Implicit Coscheduling: Coordinated Scheduling with Implicit
Information in Distributed Systems
Implicit Coscheduling: Coordinated Scheduling with Implicit
Information in Distributed Systems
In this thesis, we formalize the concept of an
implicitly-controlled system, also referred to as an implicit
system. In an implicit system, cooperating components do not
explicitly contact other components for control or state information;
instead, components infer remote state by observing naturally-occurring
local events and their corresponding implicit information, i.e.,
information available outside of a defined interface. Many systems,
particularly in distributed and networked environments, have leveraged
implicit control to simplify the implementation of services with
autonomous components.
To concretely demonstrate the advantages of implicit control, we propose
and implement implicit coscheduling, an algorithm for dynamically
coordinating the time-sharing of communicating processes across
distributed machines. Coordinated scheduling, required for
communicating processes to leverage the recent performance improvements
of switch-based networks and low overhead protocols, has traditionally
been achieved with explicit coscheduling. However, implementations of
explicit coscheduling often suffer from multiple failure points, high
context-switch overheads, and poor interaction with client-server,
interactive, and I/O-intensive jobs.
Implicit coscheduling supports not only traditional parallel applications
on Networks of Workstations, but also general-purpose workloads. By
observing and reacting to implicit information (e.g., the round-trip time of
request-response messages), processes across the system make independent
decisions that coordinate their scheduling in a fair and efficient manner.

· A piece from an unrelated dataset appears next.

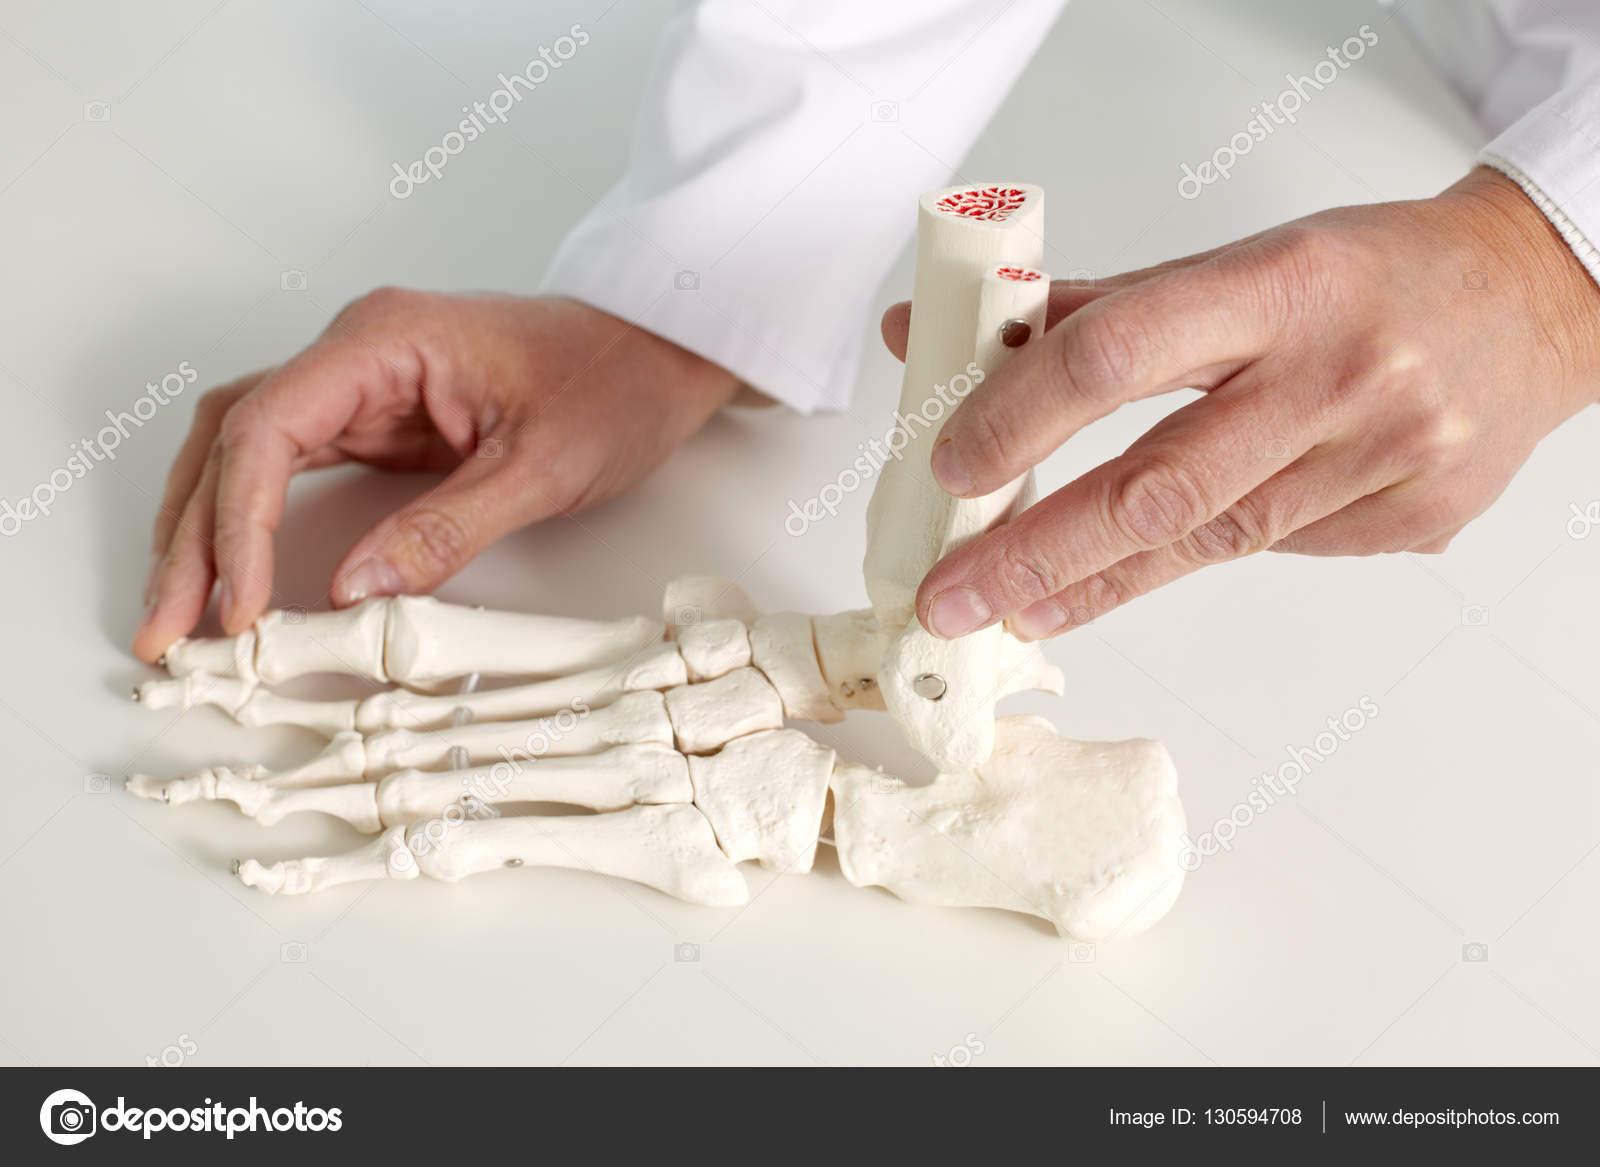 modelo de huesos del pie — Foto de stock © pressmaster #130594708

The principle component of implicit coscheduling is conditional
two-phase waiting, a generalization of traditional two-phase waiting in
which spin-time is only partially determined before the process begins
waiting and may be conditionally increased depending upon events that occur
while the process spins. A second important component is a fair and
preemptive local operating system scheduler.
With simple models and analysis, we derive the appropriate baseline and
conditional spin amounts for the waiting algorithm as a function of
system parameters. We show through simulation and an implementation on
a cluster of 32 workstations that implicit coscheduling efficiently and
fairly handles competing applications with a wide range of communication
characteristics. We predict that most well-behaved parallel applications
will perform within 15% of ideal explicit coscheduling.